I use the phrase "the principle of the rope" to help people picture this reality of how connected we are to one another. Theologians refer to this principle in several different ways. Sometimes they speak of "corporate identity" or of "the one and the many," referring to how the actions of one individual can affect many others. Just as often, the principle of the rope is referenced by the word solidarity—one of those words we often hear used without considering what it means. Solidarity refers to a union of interests, purposes, or sympathies among members of a group. It speaks to the ties that bind a group together. You may have heard the word solidarity used in the context of labor unions. When union leaders appeal to their members to show solidarity during a labor dispute, they are calling for members to show that they are bound together as a unified whole.

In this book, I will be using phrases like "the principle of the rope" and "corporate solidarity" and the word solidarity interchangeably. As a pastor, I try hard to make abstract theological concepts concrete and accessible to people, so I often prefer the simpler phrase "the principle of the rope." But at times, I will use the more technical language for precision. In every case, these phrases refer to the same reality.

I am not the first person to use the image of rope as a picture of the invisible connections that exist between human beings. In the great American novel titled Moby Dick, Herman Melville's Ishmael reflected on these realities as well. Two men named Ishmael and Queequeg are cutting up a whale they have just killed. Ishmael remains on the boat, but he is "roped" to Queequeg, who is down in the water on the back of the mostly submerged whale.
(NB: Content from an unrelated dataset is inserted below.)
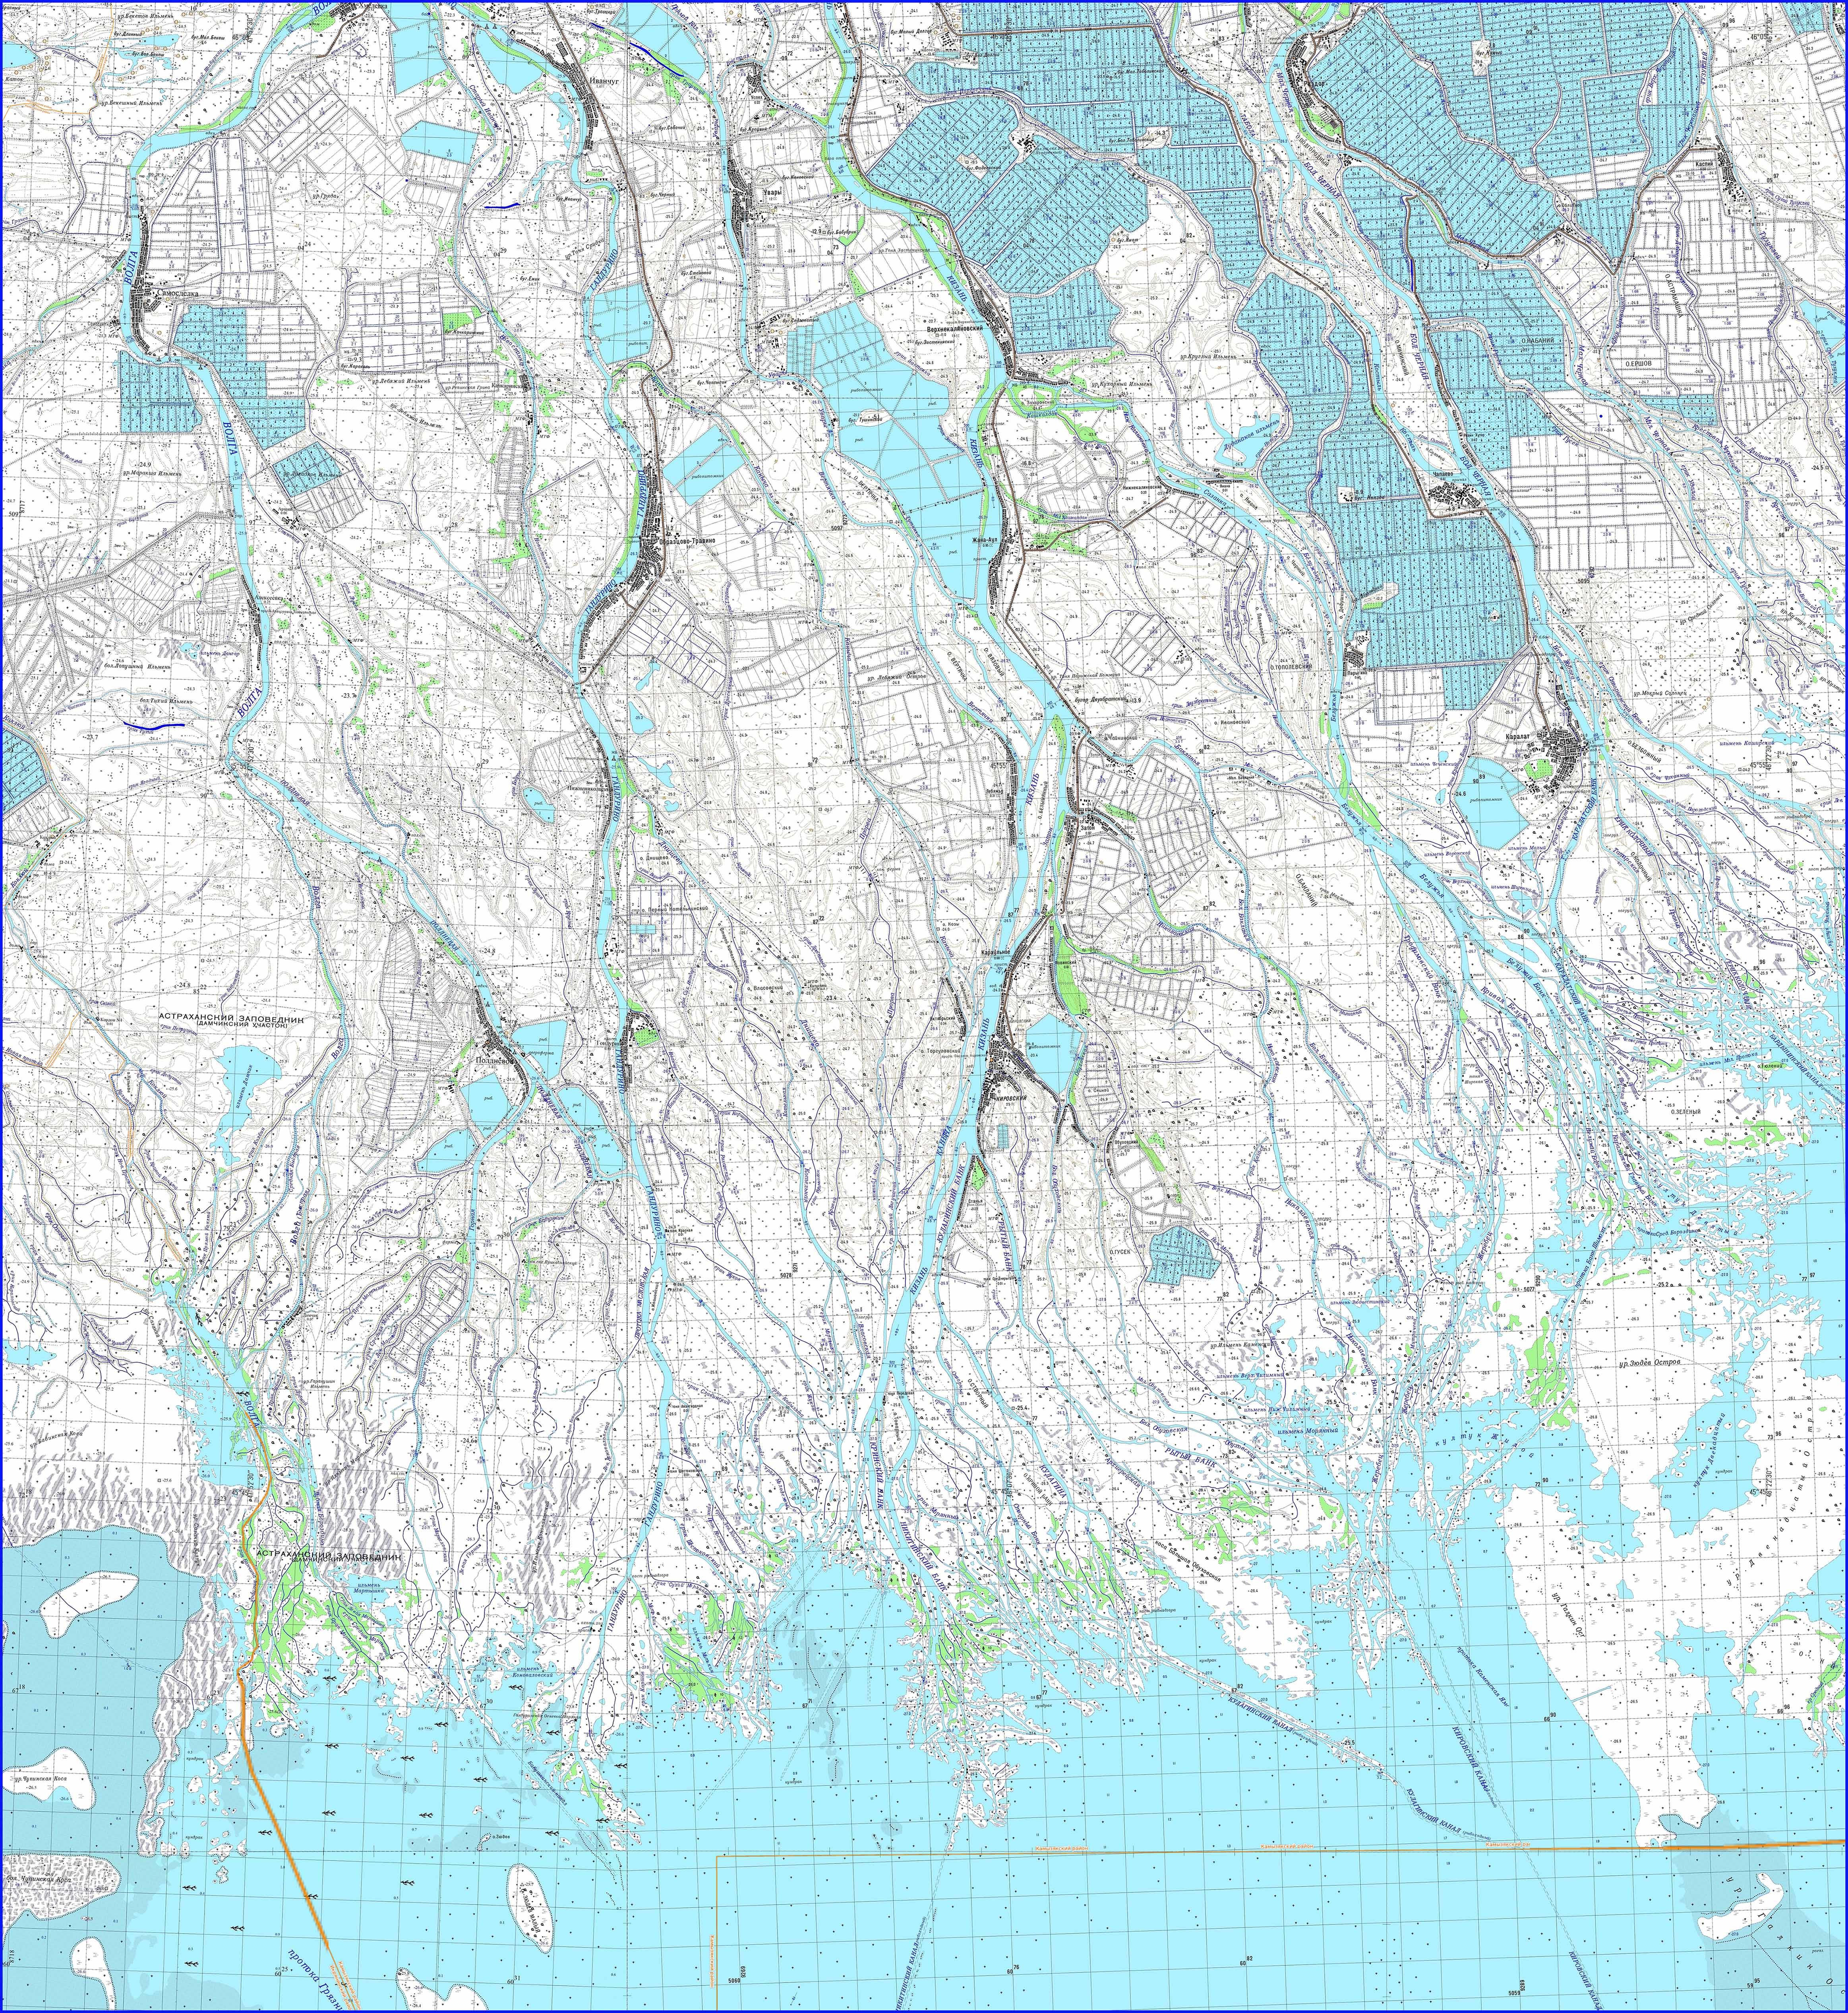 Карта волжских раскатов для рыболовной базы

Should Queequeg begin to be drawn under the whale, it is Ishmael's job to jerk his comrade upright. But this is a precarious connection. If for some reason Queequeg is pulled under the whale, Ishmael will inevitably be pulled along with him, and they will both drown. Reflecting on his state of being roped to another man, Ishmael comes to see that the literal rope connecting them pictures a far older, much stronger rope that connects all people together:

I say, I saw that this situation of mine was the precise situation of every mortal that breathes; only, in most cases he, one way or other, has this ... [roped] connexion with a plurality of other mortals. If your banker breaks, you snap; if your apothecary by mistake sends you poison in your pills, you die.

Melville's Ishmael didn't like the principle of the rope. He felt there was injustice in the principle, that it was wrong for some to suffer because of the poor decisions of others. And yet he could not escape the clear truth that he saw: for better or for worse, we are roped together.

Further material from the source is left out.